# the bands you hated



## escorial (Sep 13, 2019)

I reckon more of them than you liked...I hated status quo..hate is a snowflake word...maybe disliked but teens are angry


----------



## seigfried007 (Sep 13, 2019)

Not a fan of Limp Bizkit. I can tolerate Rollin _sometimes_ (chiefly as a practical joke on other people)

Linkin Park was kinda cool when they first came out, but I've been tortured with their music about 20 years now. Keep bumping into people and radio stations that want to play them all the time. Can't get away from this band. They used the same themes in seemingly every song they released to radio, and the same dang songs get played ad nauseum. Burnt me out on 'em. 

I'm actually not a fan of Nirvana either. Thought they were pretty drug-addled and overrated I like a lot of other grunge acts though, so it's more about lyrical quality and the endless hype. Knew a lot of fangirls back in the day, and most were in it because Kurt was hot (same thing happened with Gavin Rossdale and Bush later). That said, for a band I didn't especially care for, they still came out with a handful of songs I really enjoy.


----------



## escorial (Sep 13, 2019)

Didn't both them top themselves..


----------



## Deleted member 56686 (Sep 14, 2019)

Wow where do I start? I can think of band right off the top of my head, actually a couple, Dashboard Confessional and Good Charlotte not to mention the entire American Pie soundtrack. What they called Pop Punk in those days made me want to barf- and I usually did. uker:


----------



## escorial (Sep 14, 2019)

I still can't get my head around Take That...after all these years they can still fill stadiums...


----------



## Irwin (Sep 14, 2019)

I used to hate The Cars. They were actually a pretty good band and interesting to watch, albeit in limited doses.


----------



## escorial (Sep 14, 2019)

The cars...a band I never liked much but that song which was played at band aid brings back memories


----------



## Aquilo (Sep 14, 2019)

Bros. And I think hate is too kind a word for them.


----------



## escorial (Sep 14, 2019)

Watched a documentary about them recently...I don't think it was a bonding experience for them...


----------



## sigmadog (Sep 14, 2019)

Never liked Foreigner or REO Speedwagon. To this day I leap for the tuner in search of another station when one of their songs come on.
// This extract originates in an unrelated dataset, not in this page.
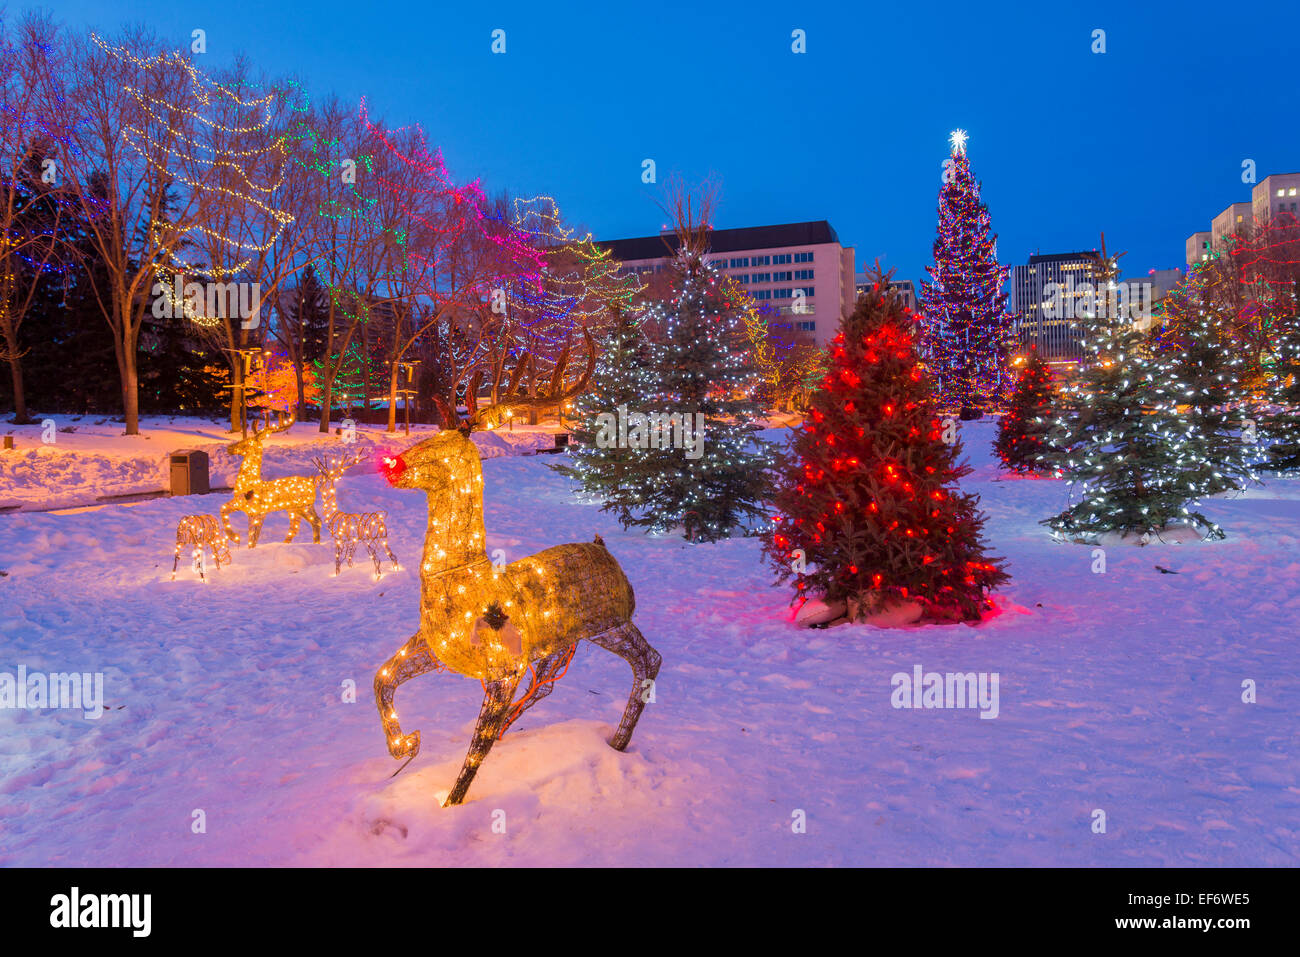 Weihnachten-Display mit Rudolph das rote gerochene Rentier, Legislature Grounds, Edmonton, Alberta, Kanada Stockfoto

Also, regarding general taste I detest cRap (the "c" is silent). Finally, I'm old enough that I call "Start Me Up" a NEW Stones song, and I'm not that fond of new Stones songs.


----------



## Deleted member 56686 (Sep 14, 2019)

Foreigner was okay but I hated REO. I consider them the Osmond Brothers of heavy metal. I would say the Stones probably should have split after Tattoo You. I can name the good songs on one hand after that.


----------



## escorial (Sep 14, 2019)

I wanna know what luv is....proper wishy washy stuff but sometimes one has to admit liking soft rock....


----------



## Irwin (Sep 16, 2019)

Damn, just a few days ago I posted that I hated The Cars back in their heyday but now think they were a pretty good band. The band's primary singer and songwriter, Ric Ocasek died yesterday.


----------



## Deleted member 56686 (Sep 16, 2019)

Irwin said:


> Damn, just a few days ago I posted that I hated The Cars back in their heyday but now think they were a pretty good band. The band's primary singer and songwriter, Ric Ocasek died yesterday.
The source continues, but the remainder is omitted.